How Custody is Decided

“Most custody issues are resolved without ever going to court,” says Sherry Cross, family law attorney. “Either the parents come to an agreement on their own or they bring in someone to help them negotiate.” Lawyers are sometimes called upon for help with negotiations, but are usually only needed if a case goes to court. These cases end up in court when parents simply can’t agree on how to share custody. They can also go to court later on if one parent wants to alter the agreement or if they believe the other parent is not honoring the agreement as it stands. Trials can be very difficult and stressful for the parents and the child, so they are generally avoided if there is any other available route to a compromise.

When a custody battle goes to court, it becomes the judge’s role to listen to both sides and make a final decision based on the best interests of the child. The default resolution when possible in many courts is to give joint custody to both parents, so the goal for parents in a custody trial is usually either to show that it would be unsafe or unhealthy for the child to be in the other parent’s care or to defend oneself from those same accusations.

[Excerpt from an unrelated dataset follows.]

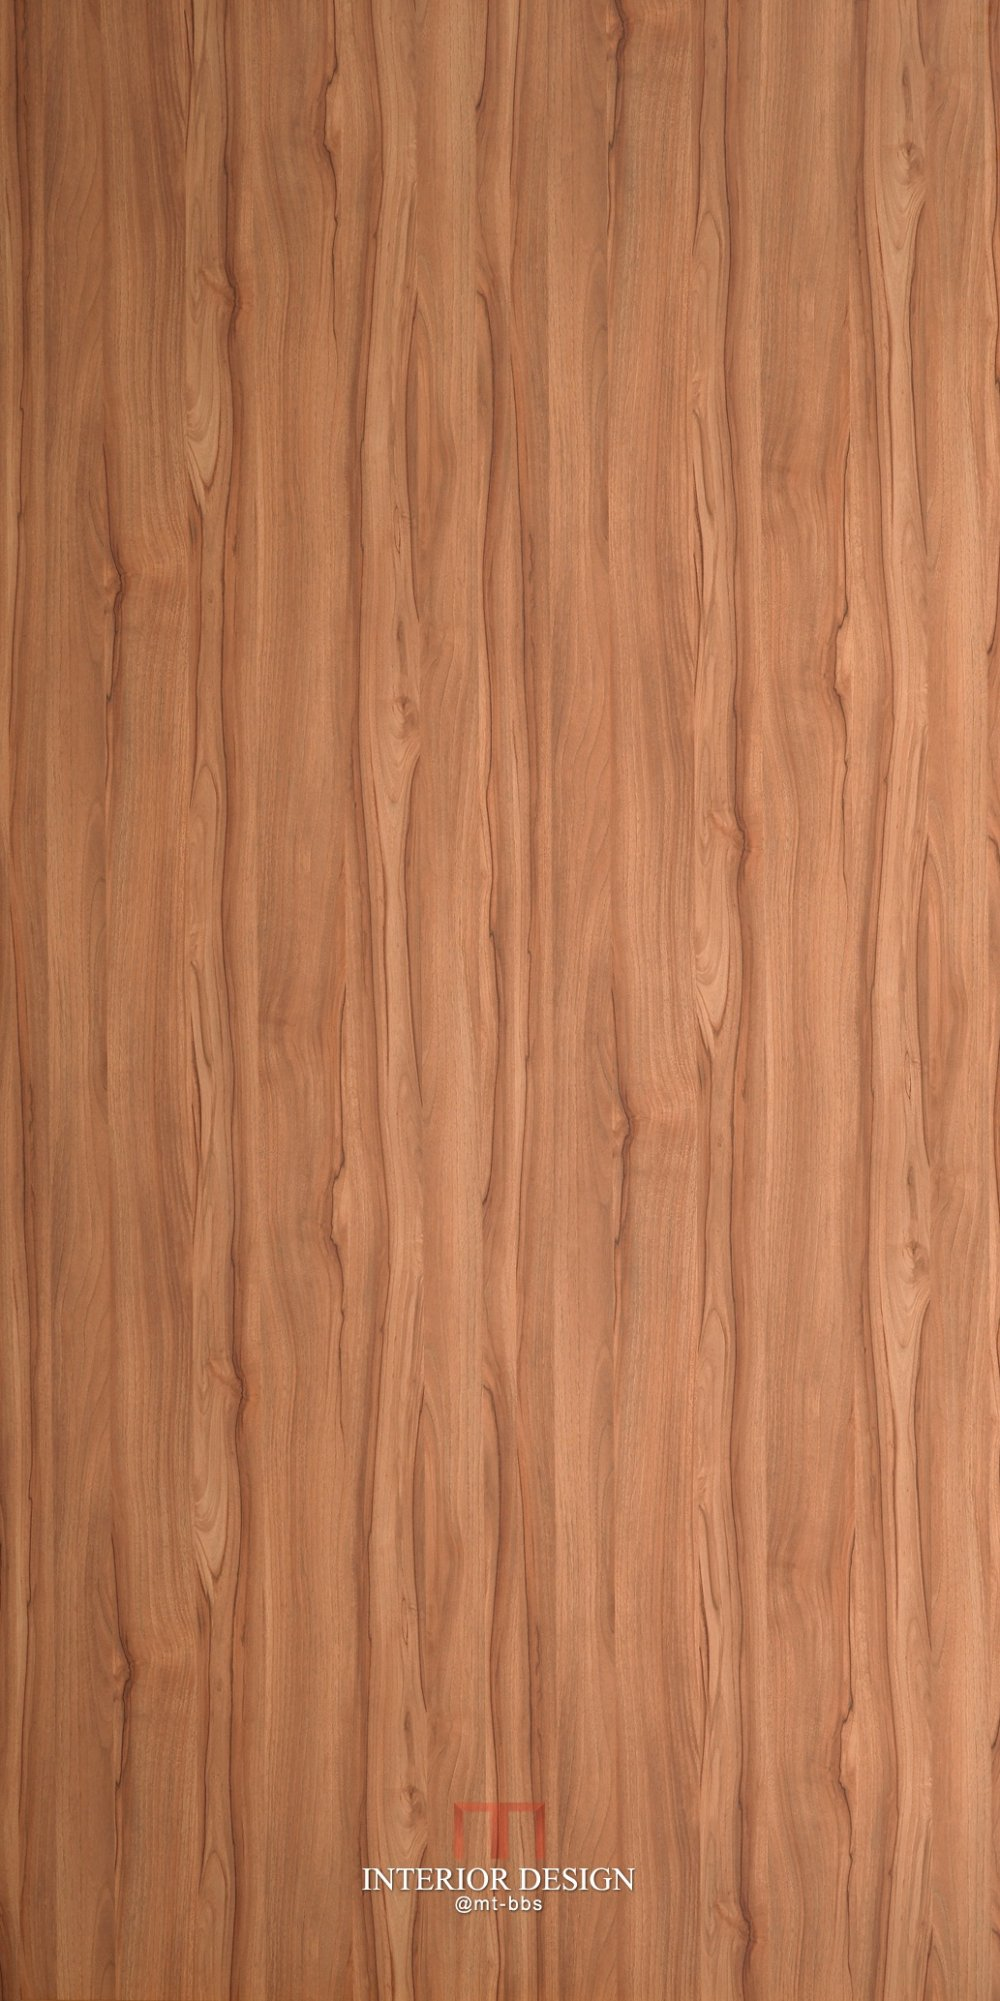 5487 - Oiled Walnut (in 4\\\' x 8\\\').jpg
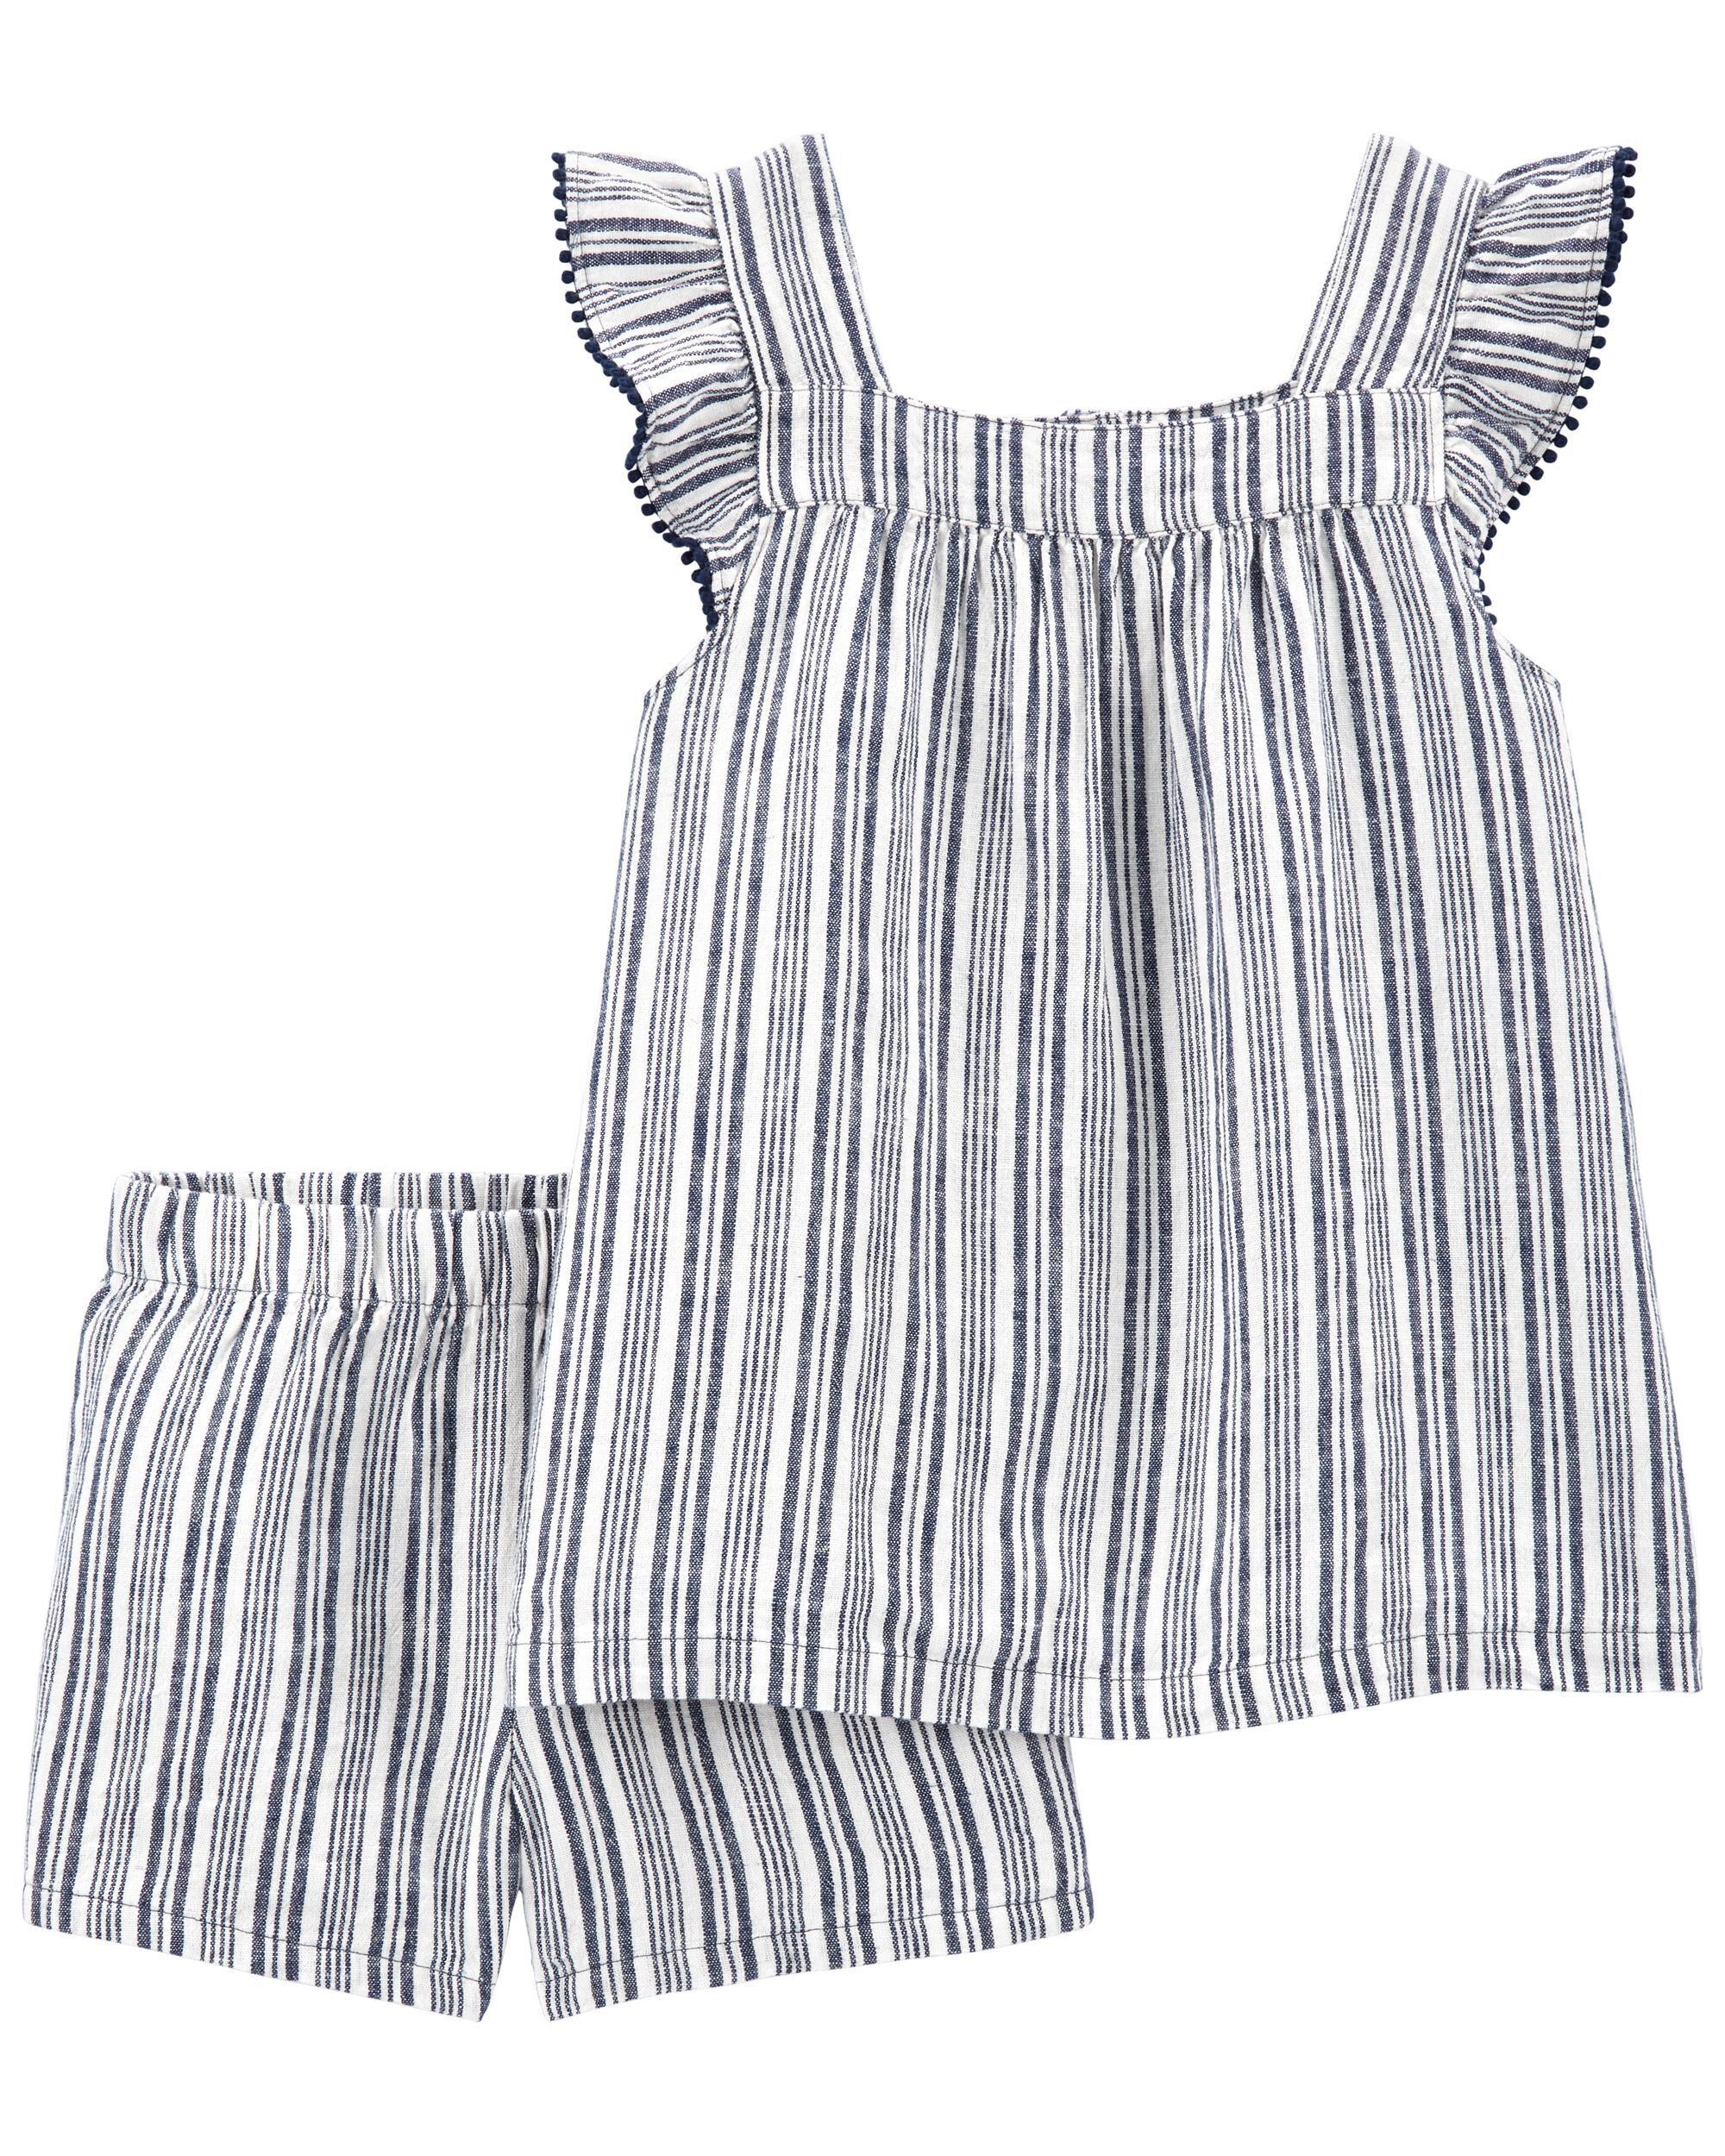 *DOORBUSTER* 2-Piece Striped Tee & Short Set

Involving children themselves in the work of a custody trial isn’t healthy for the child and is frowned upon except in extreme circumstances. One of the most important things a parent can do in a custody trial is to respect the orders and processes of the court and stay calm. Meanwhile a criminal record is one of the strongest pieces of evidence a court can use to take custody away from someone, especially if the criminal record corroborates specific accusations by the other parent. However, many different factors can come into play in a custody battle, and parents may find every part of their lives under scrutiny.